Named arguments can make string-valued arguments optional, since they may or may not be provided and do not affect the ordering of positional arguments by their absence.

A single hyphen by itself is a valid positional argument or value to a named argument and is not a flag.

Finally there is a special option of a bare double-dash, --. It signifies the end of the options and beginning of positional arguments. After this option, arguments may have values which start with one or two hyphens, whereas before the double-dash those would be interpreted as options instead of values.

All of these rules have been extended or broken with modern command-lines, but we’ll start with them. They are hard enough already! Even the long options aren’t part of the posix specifications, but they are too ubiquitous and useful to skip.

If you search around for how to parse options in bash natively, without the help of external utilities such as getopt, it usually boils down to something like this in the main body of the script:

while [[ $1 == -?* ]]; do
  case $1 in
    -- )
      shift
      break
      ;;
    -o|--option1 )  # flag
      o_flag=1
      ;;
    -p|--option2 )  # named argument
      shift
      option2_var=$1
      ;;
    * )
      echo "Invalid option: $1"
      echo "$usage"
      exit 2
      ;;
  esac
  shift
done

This sets some variables based on the options, leaving the positional arguments intact. It handles short and long options, both flags and named arguments. It stops when it encounters a double-dash. Anything else which looks like an option consisting of a hyphen and at least another character is flagged as an unrecognized option.

The shift at the end of the loop ensures that it ends when the arguments do.

We’re going to use the same basic template, but make it more general by parameterizing the definition of the acceptable options. The parseopts function will allow the caller to specify which options are allowed, and will return the positional arguments as well as the options it found on the command-line. It will accept the raw command-line as an argument as well.

Since we’ve got different types of options, we’ll need to pass in a data structure. It only needs a few elements. I’ll use an array with an item for each option definition. Each definition will include two parts, separated by commas.

The first part will be the acceptable option forms, including short and long name if desired, e.g. -o|--option. | is used to separate the forms only if both are given.

The second part is the name we’d like it to be stored in. We won’t be creating variables with them just yet, but the return value should include an array of the options where the elements are in the form of key=value, key being the name provided here.

Finally, we’ll need something to tell the difference between flags and named arguments in our definition. I’ll keep it simple and just say that flags get a third element which is always “f”, for flag. Named arguments won’t require a third element.

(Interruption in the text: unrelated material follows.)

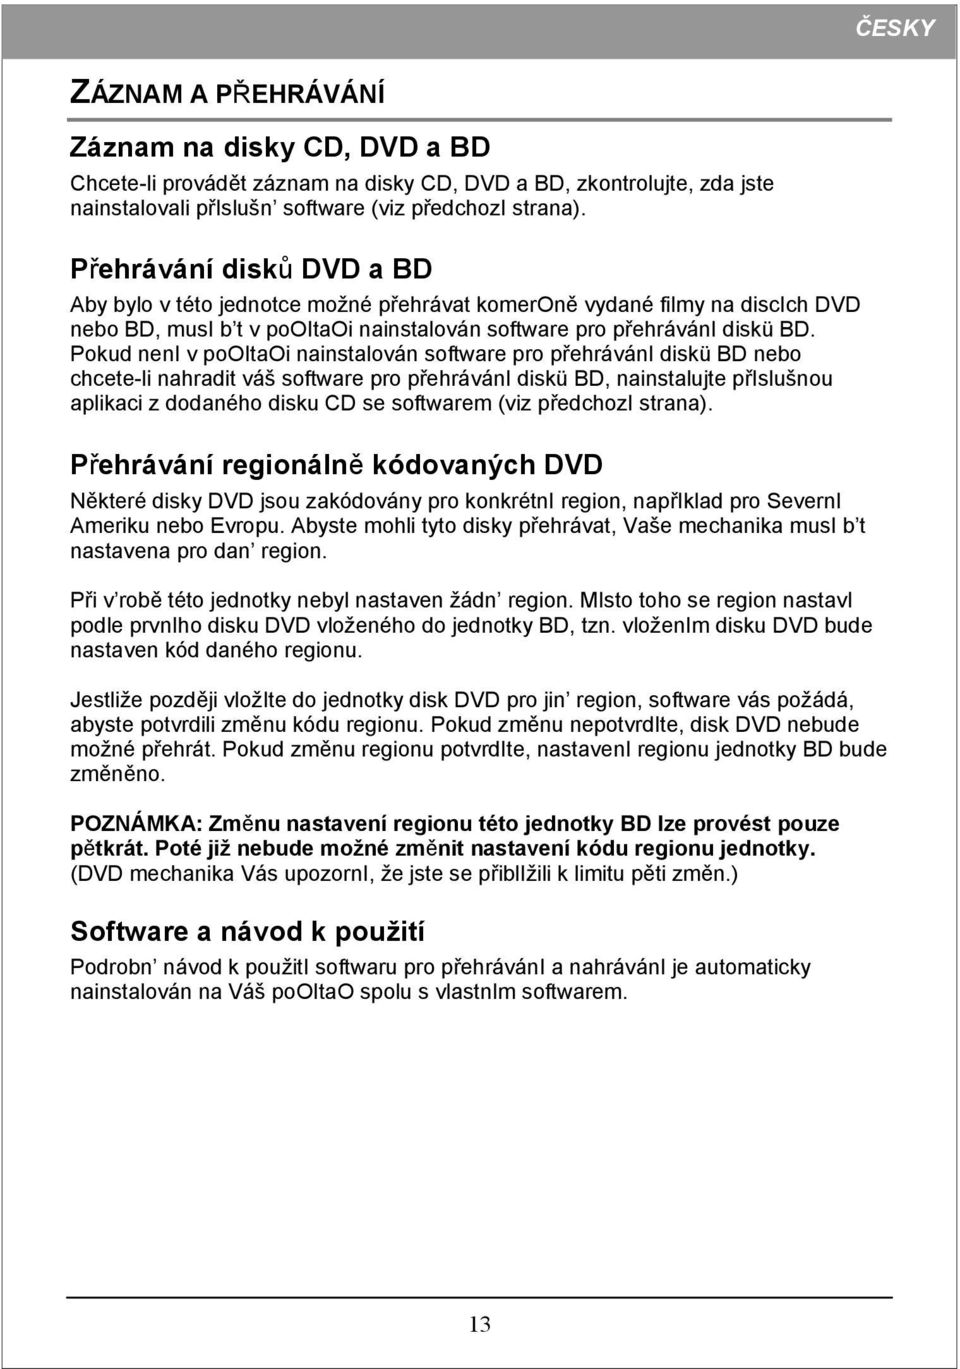 Pokud neni v pooitaoi nainstalován software pro přehráváni diskü BD nebo chcete-li nahradit váš software pro přehráváni diskü BD, nainstalujte přislušnou aplikaci z dodaného disku CD se softwarem

Note that since the pipe character is special to bash, if there is a short and long option in one definition, then that line needs to be quoted:

defs=(
  '-o|--option1',o_flag,f
  '-p|--option2',option2_var
)

In addition to the parsed options, when the function returns we’ll also want the remaining positional arguments. When we call parseopts, not only will we provide the raw arguments and our options definitions, we’ll also provide the name of two variables we’d like the return arrays to be stored in, one for the options and the other for the remaining positional arguments.

First test:

describe parseopts
  it "returns a short flag"
    defs=( -o,o_flag,f  )
    args=( -o           )
    parseopts "${args[*]}" "${defs[*]}" options posargs
    assert equal o_flag=1 $options
  ti
end_describe

Here’s the first code:

parseopts () {
  local defs_=$2
  local -n opts_=$3
  local -A flags_=()
  local -A names_=()

  set -- $1
  denormopts "$defs_" names_ flags_
  opts_=${names_[$1]}=1
}

The function creates a hash called names_, which is indexed by the option, in this case -o. The hash entry contains the name of the variable in which we’ll store the option’s value. The name in this test is o_flag. We’ve made a function denormopts to handle creating that hash, which I’ll show later. In anticipation of some future tests, we’ll also hand it a flags_ return variable, but we won’t use it just yet.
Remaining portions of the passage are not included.